Прежде всего Мазаччо написал разрушенное небо.
По правде говоря, что касается неба, пришлось ждать ровно триста тридцать три года, чтобы в 1747 году архитектор пожелал разместить на тридцать сантиметров выше фрески новый поддерживающий свод в круглой арке. Таким образом он укрепил вход в капеллу Бранкаччи церкви Санта-Мария дель Кармине во Флоренции, и именно тогда пропала голова ангела.
Крылья были подрезаны.
Меч сломан[121].
Во второй день 1414 года, с самого края, слева, по-прежнему болтаясь на лесах перед фреской, Мазаччо приступил к изображению двери, через которую первый человек покинул первый мир.
Он начал с правой ноги Адама, стоящего в дверях рая.
На третий день вслед за этой ногой художник написал все тело первого человека.
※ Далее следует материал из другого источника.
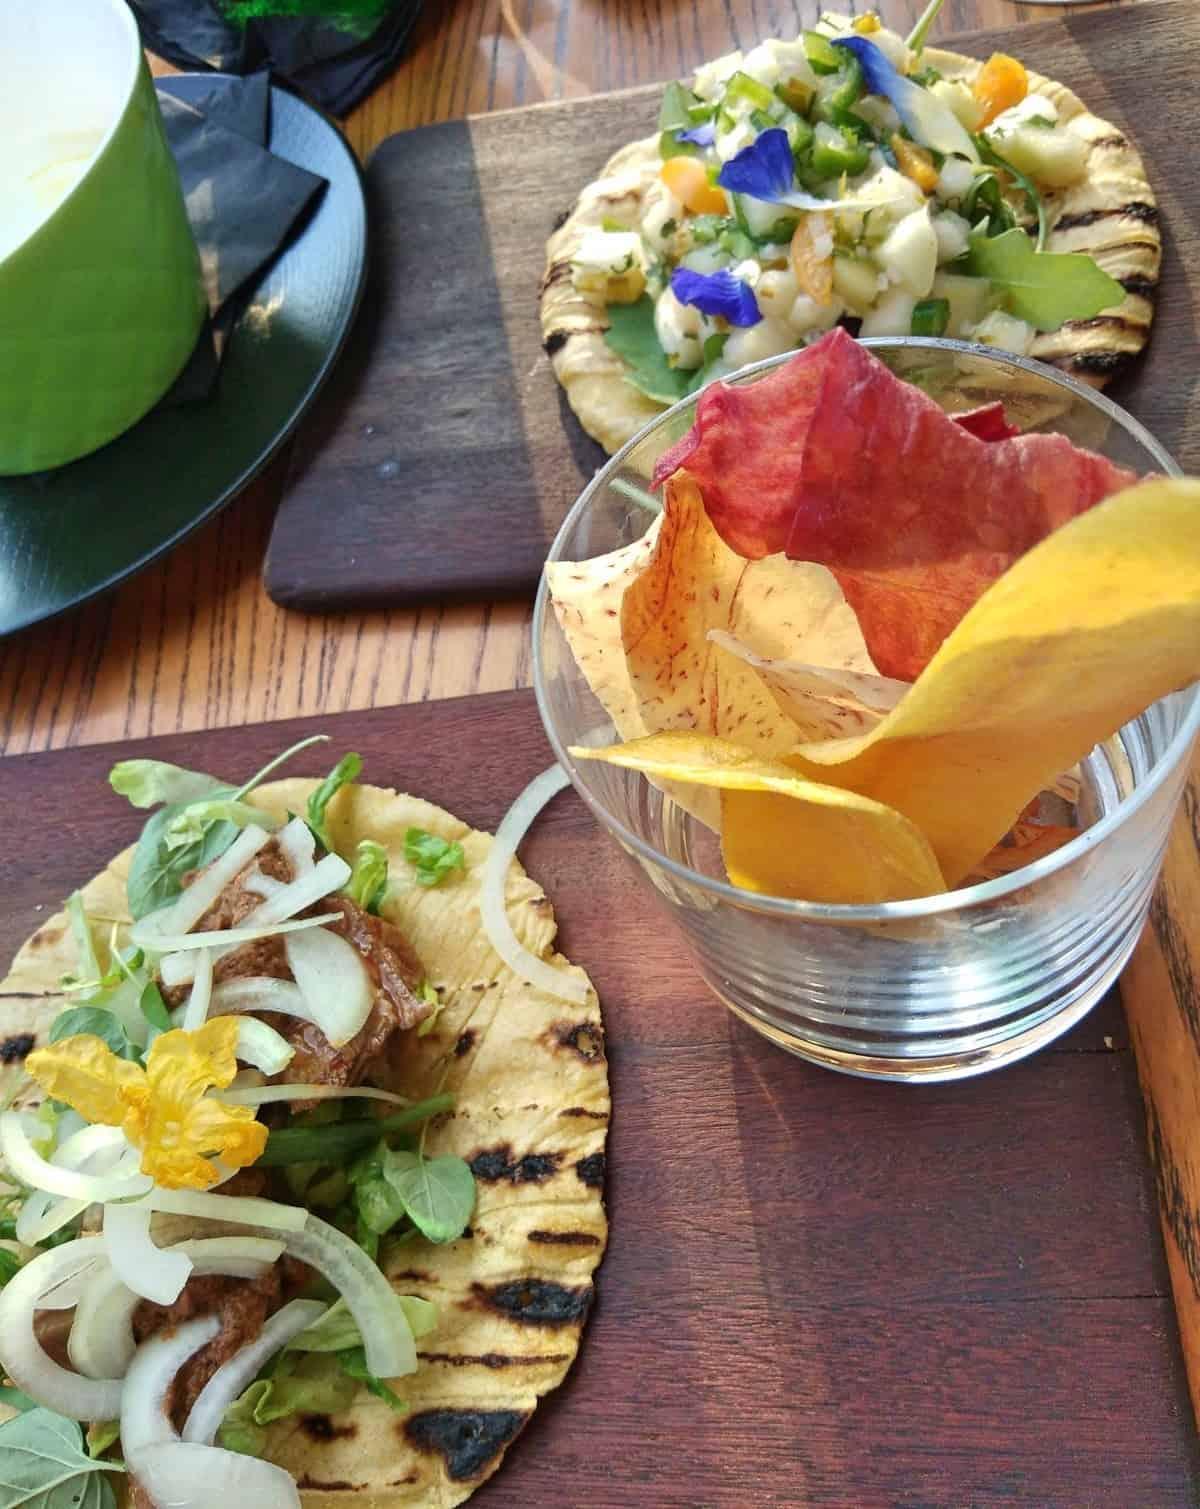 Fuegos-modern-South-American-restaurant-KLCC-Kuala-Lumpur-Malaysia-Travel-Mermaid-11
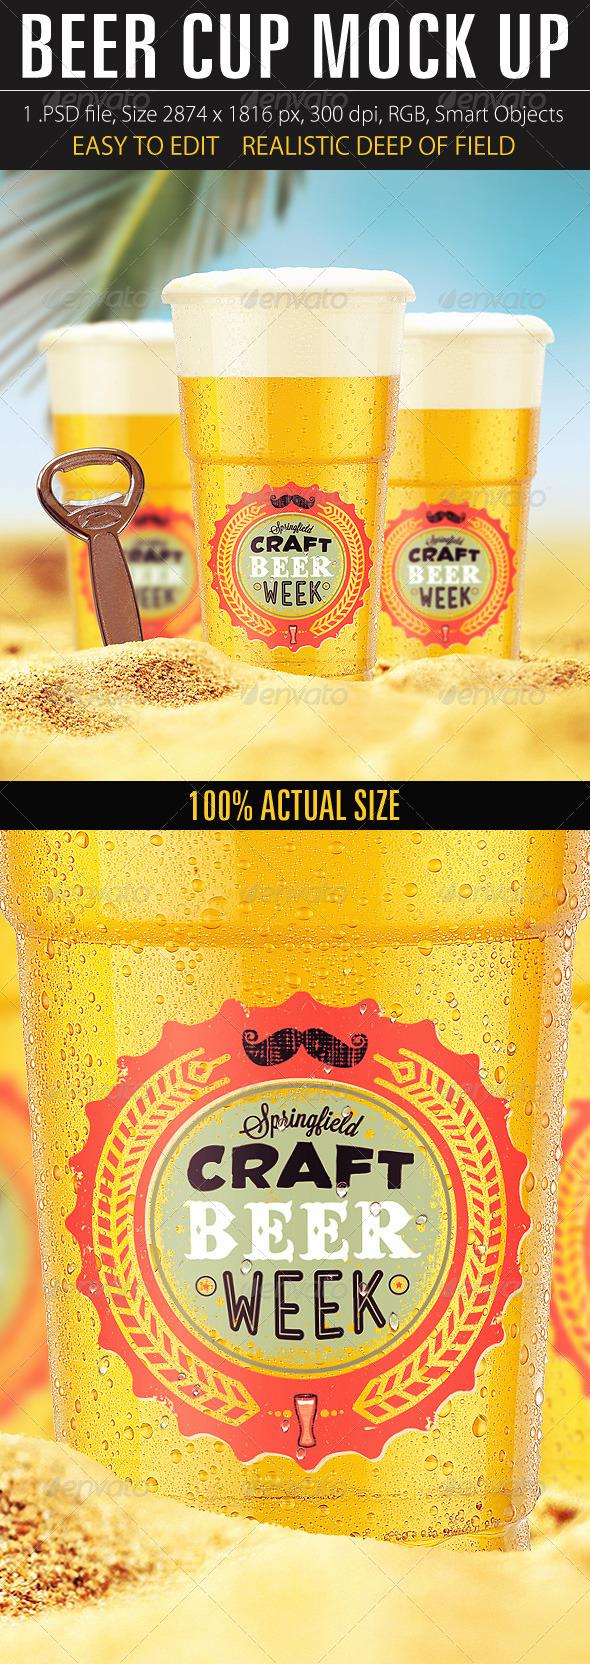 Beer Cup Mock Up - Food and Drink Packaging

Черты человека Мазаччо позаимствовал у «Искушения Адама в раю», которое уже написал его учитель Мазолино (и которое по-прежнему находится напротив, на правой стене часовни): выдающийся подбородок, сильные плечи, сутулая спина, круглые ягодицы, плоский живот, тело, едва поросшее волосками, короткий член, продолговатые бедра, бледные тонкие щиколотки.
Четыре столетия спустя ученый из Вены доказал, что Адам Мазолино, которого повторял Адам Мазаччо, в свою очередь, позаимствовал черты у римской статуи I века, изображающей императора Тиберия.
Тринадцатого марта 37 года император Тиберий умер после того, как вонзил рогатину в бок кабана. Тут он ощутил колотье. Он приказал принести носилки и лег на них. Его левую руку свела судорога, и он не мог ее разжать. Невозможно было забрать у него перстни и печать. Он умер в своей спальне на вилле в Мизене, с подушкой на лице, потому что Макрон хотел приглушить испускаемые им вопли.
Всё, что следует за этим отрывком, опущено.